A week later when she dropped by life support for a chat, she told Thane about her parents, a little, about growing up rich and bored and lonely with her painting and her books and a whole lot of silence, and it felt a little less odd that time, and no less quietly warm.

And by the time she found herself a month or so later telling Tali just about anything that occurred to them to talk about, from their first lessons in coding to Kasumi's single greatest theft (Tali was first impressed at her daring, then critical at how much safer Kasumi could have been if she'd just bypassed the security system a little differently), it didn't feel odd at all.

-)(-

The first thing Kasumi did after coming back from Bekenstein was take a long shower. The second was to dig into a quiet corner of engineering and start hacking through Miranda's most recent attempts at firewalling the Normandy's spy cameras, and that was where Tali found her.
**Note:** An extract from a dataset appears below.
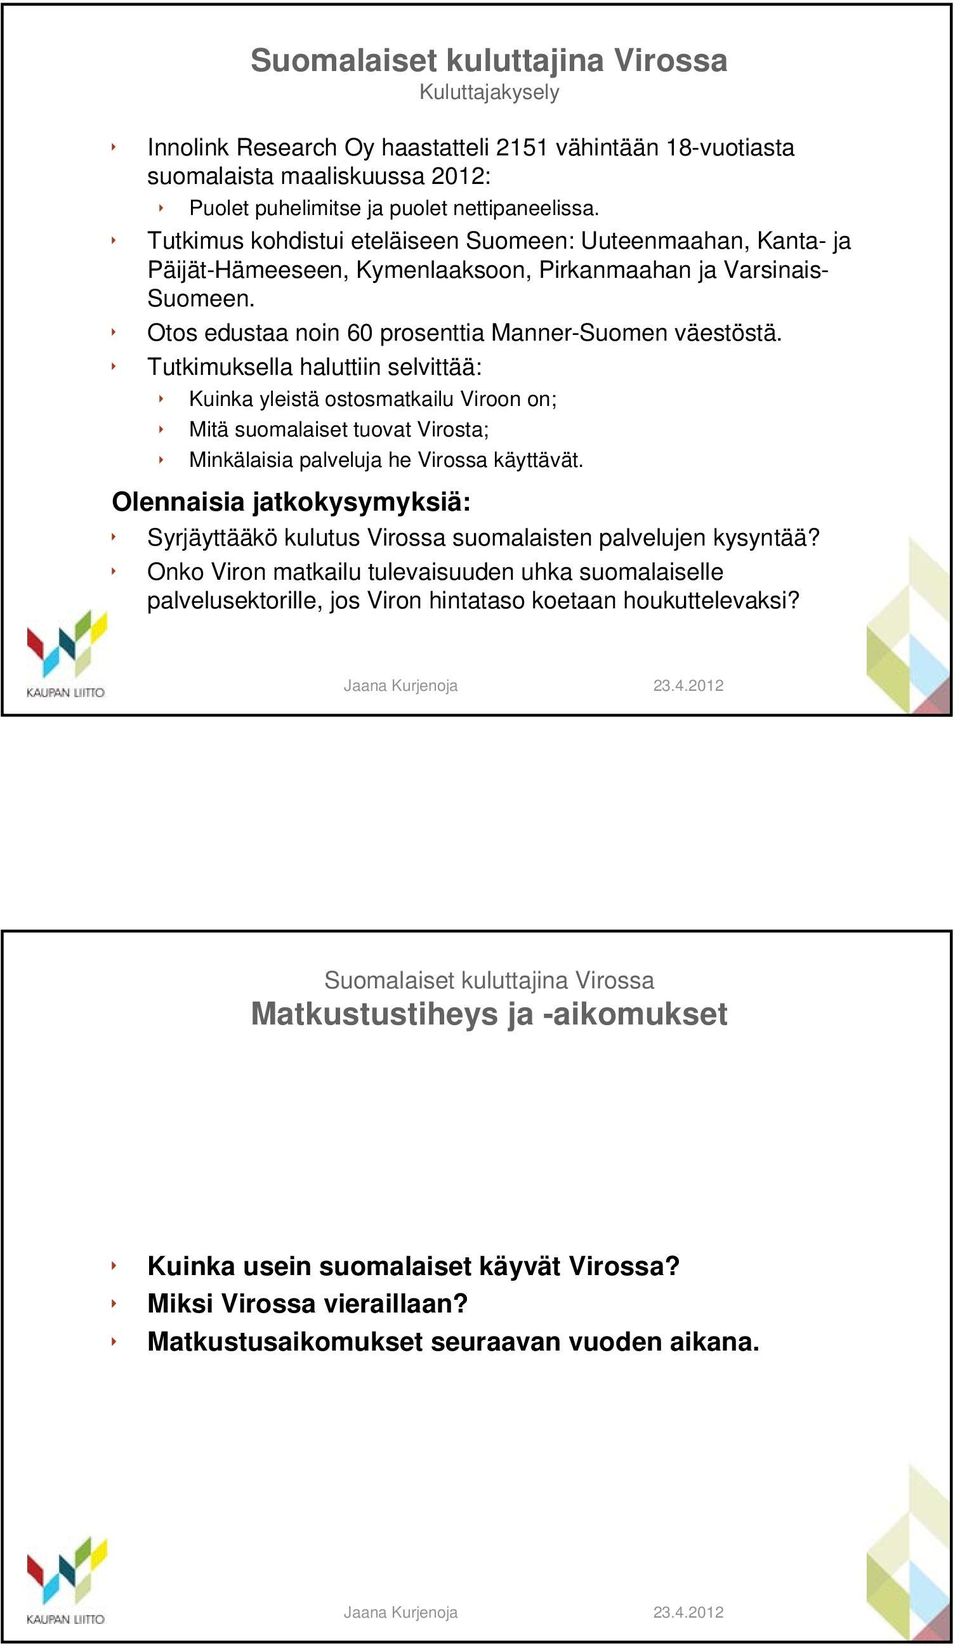 Tutkimuksella haluttiin selvittää: Kuinka yleistä ostosmatkailu Viroon on; Mitä suomalaiset tuovat Virosta; Minkälaisia palveluja he Virossa käyttävät.
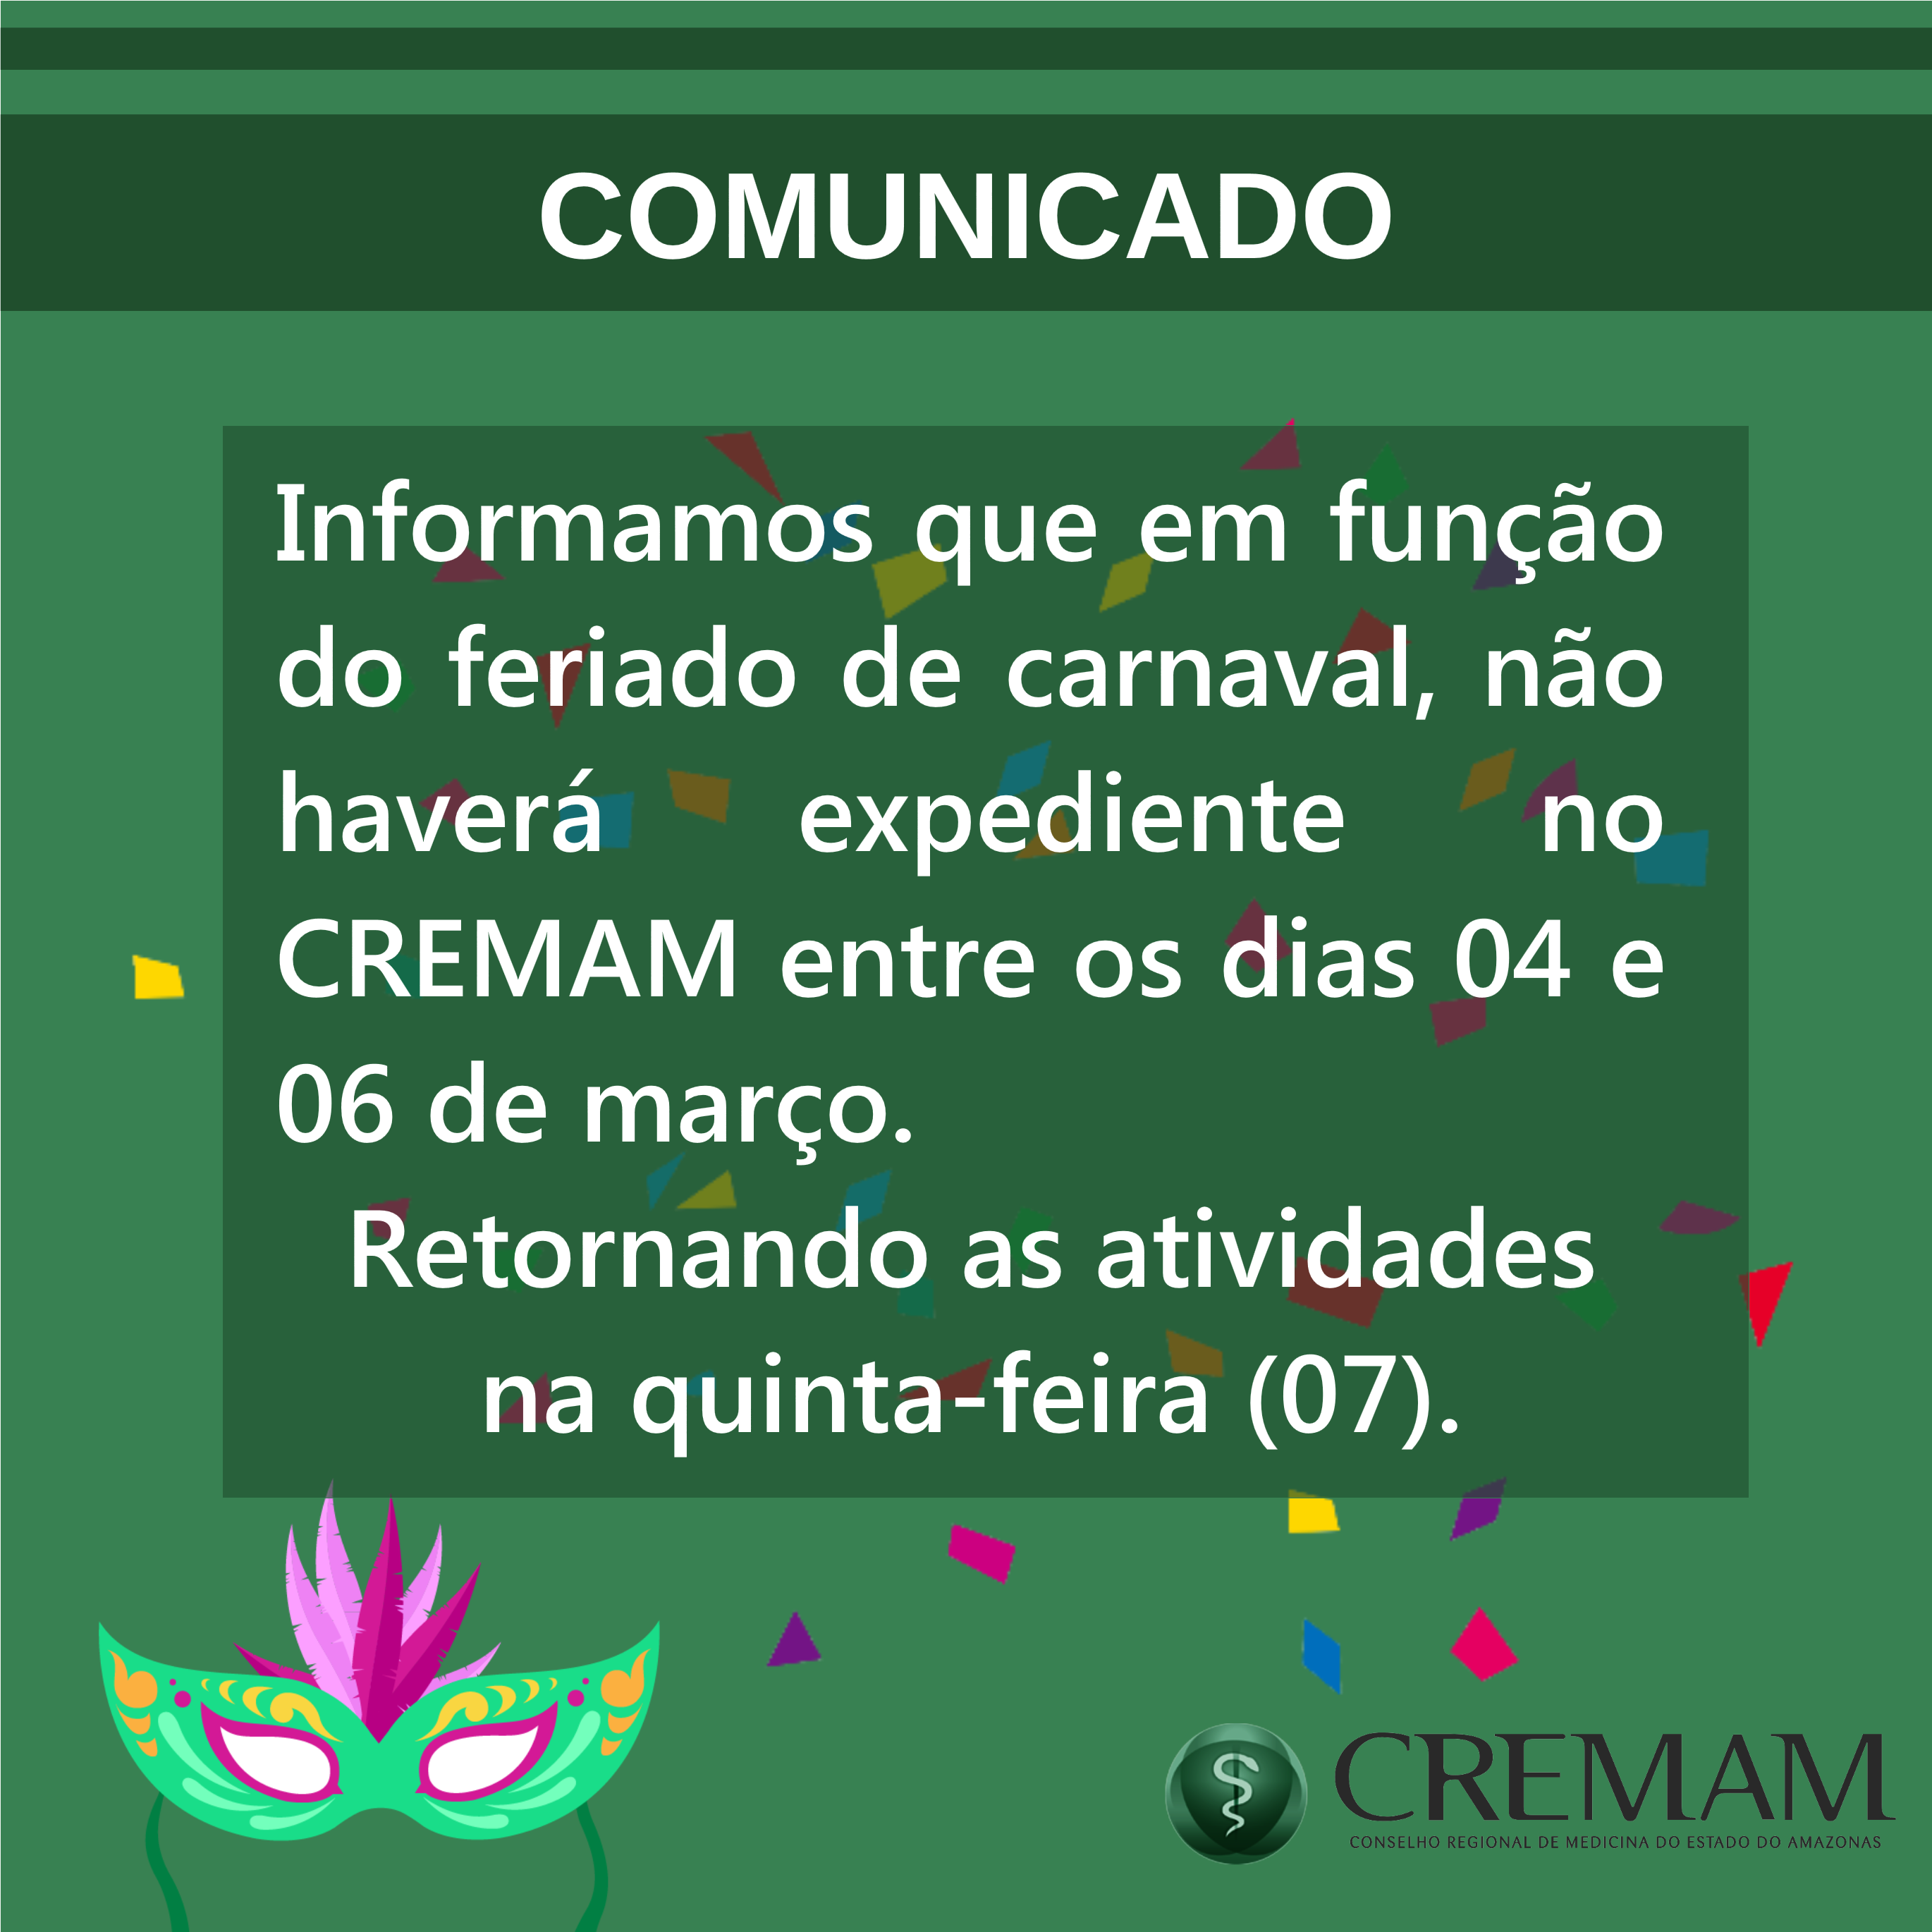 Expediente do CREMAM, Carnaval 2019

"You'd have to talk to Shep," said Kasumi, when Tali asked if she could see the greybox, her earnest desire to be friendly and supportive briefly overridden by the enticement of new technology. "I don't know where it is. Actually I don't even know if it still exists."

"You didn't keep it? But I thought the whole point was to get it back, to have Keiji's memories."

Kasumi folded her knees up against her chest and wrapped her arms around them. "It was, but... he was right, what he found was too dangerous. Secrets about the Alliance, about Reapers - that's Shep's thing, not mine. I just figured it made the most sense to let her figure out what to do with it."

Tali didn't press her, didn't make her admit that maybe she'd realized it was time to finally move on. That Tali had been right and she needed to be part of the world, part of this crew, instead of clinging desperately to a dead man's shadow in the privacy of her own skull. That she couldn't build the rest of her life around what was left of him, even if she couldn't quite bring herself to destroy it, either.

It was sort of nice, actually. Not saying it, not because she wanted to keep it to herself, but because Tali already knew.

Tali leaned her shoulder into Kasumi's, a little. "Good," she said, soft but sincere, maybe even a little proud, and that was nice too.


End file.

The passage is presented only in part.